Convert the binary number 10111110 to hexadecimal. Show your working.
Mark scheme
- Split into nibbles
1011and1110→ 11 and 14 (1). - Answer BE (1).
Convert the hexadecimal number 4F to denary. Show your working.
Mark scheme
4F=0100 1111in binary (1).- 64 + 8 + 4 + 2 + 1 = 79 (1).

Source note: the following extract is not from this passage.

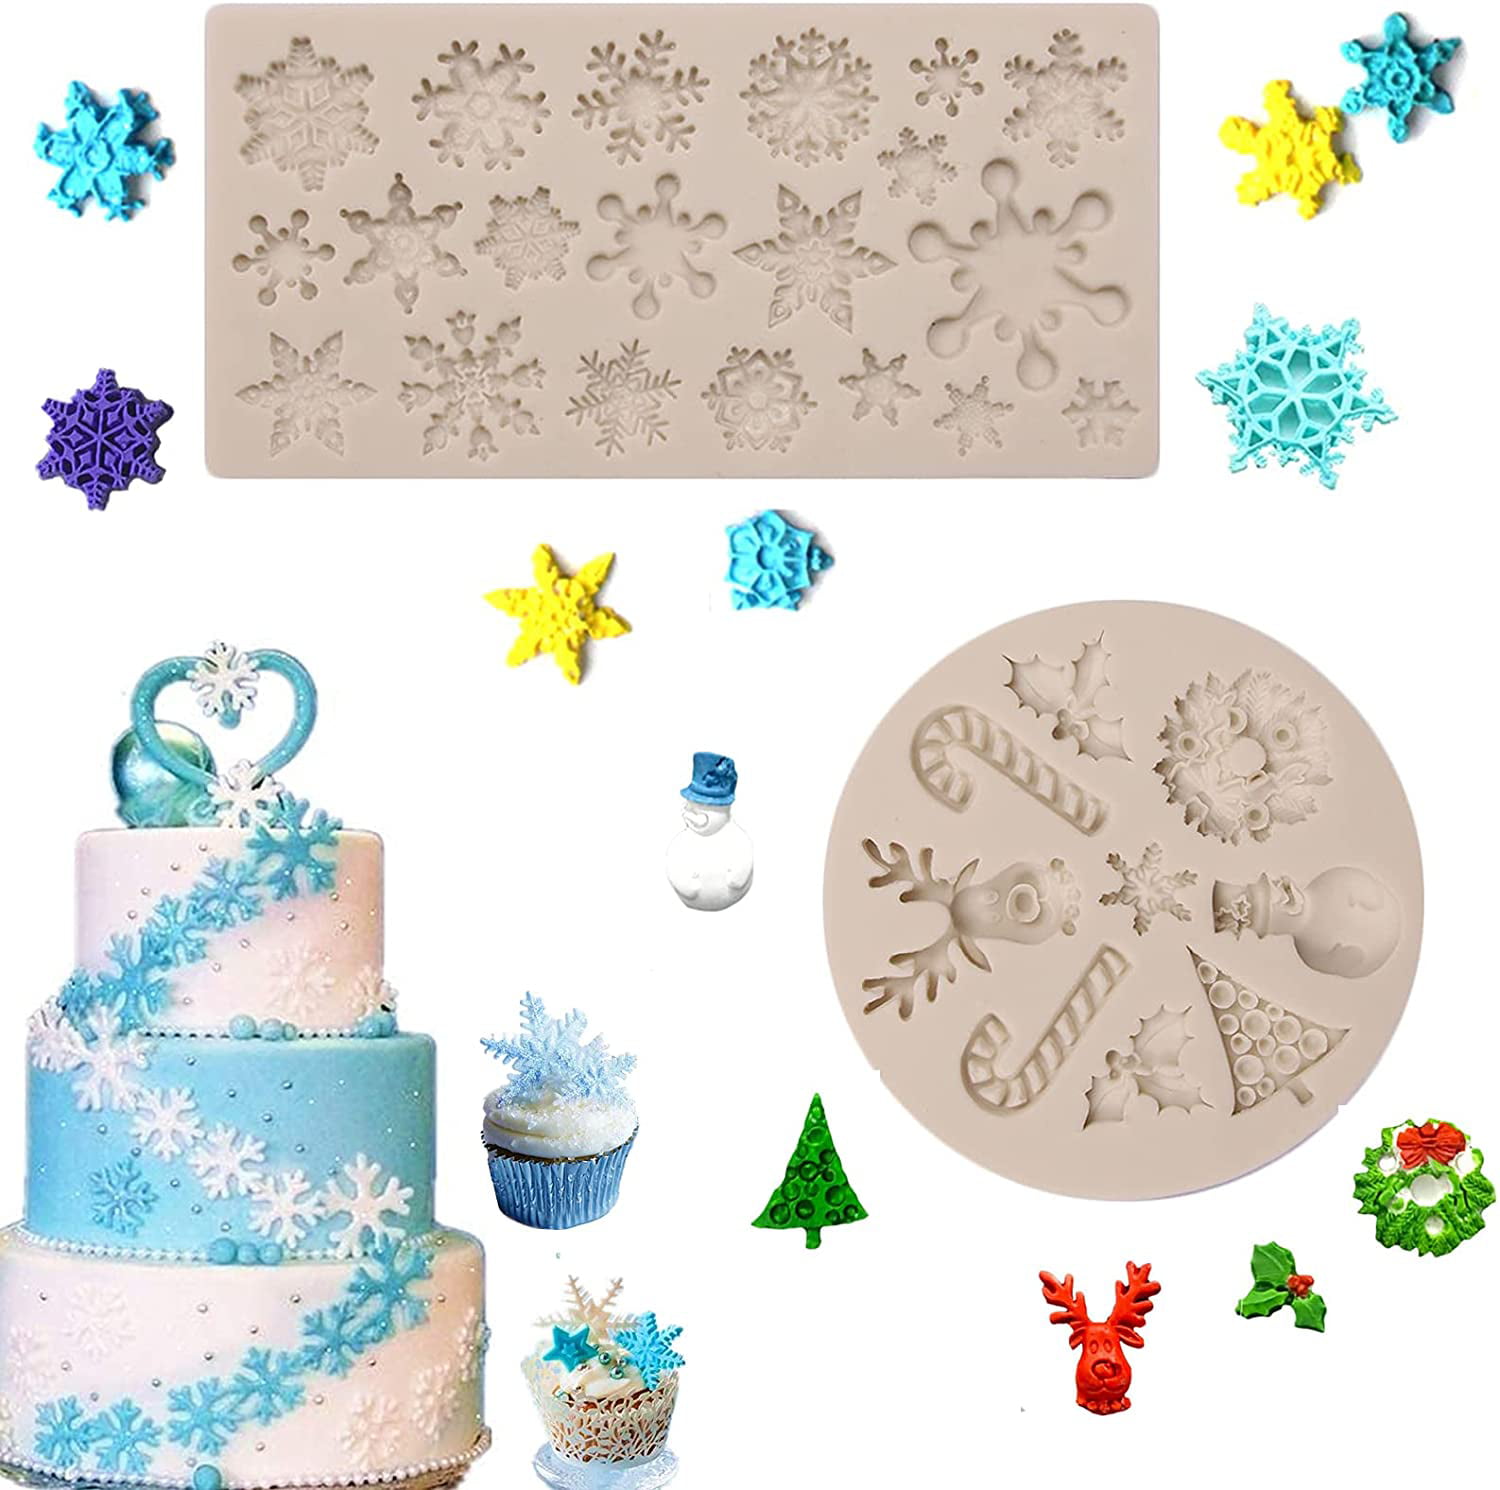 Details about   Mini Rose Flower Silicone Cake Fondant Decorating Mold Resin Clay Craft DIY Mold

How many binary bits does one hexadecimal digit represent?
A) 2 B) 4 C) 8 D) 16
Mark scheme
- B — 4 bits, one nibble (1).
Convert the denary number 140 to hexadecimal. Show your working.
Mark scheme
- 140 DIV 16 = 8, 140 MOD 16 = 12 (1).
- 12 = C, so answer 8C (1).
Recap & Key Terms 3 min
Hexadecimal is base 16, using 0–9 then A–F for 10–15. To convert binary ↔ hex, split into nibbles of 4 bits — each nibble is one hex digit. For denary ↔ hex, go via binary or divide by 16.
- Hexadecimal
- A base-16 number system using digits 0–9 and A–F, where A–F represent 10–15.
- Nibble
- A group of 4 bits; half a byte. One nibble maps to exactly one hexadecimal digit.
Homework 1 min
Task (≤ 15 min): Convert the binary number 11100101 to hexadecimal, and convert the hexadecimal number 3A to denary. Show your working for both.
Model answer
11100101 → split 1110 0101 → 14 and 5 → E5.
3A → 0011 1010 → 32 + 16 + 8 + 2 = 58 denary.
Award marks for: correct nibble split (1), correct hex answer E5 (1), correct denary answer 58 with working (1).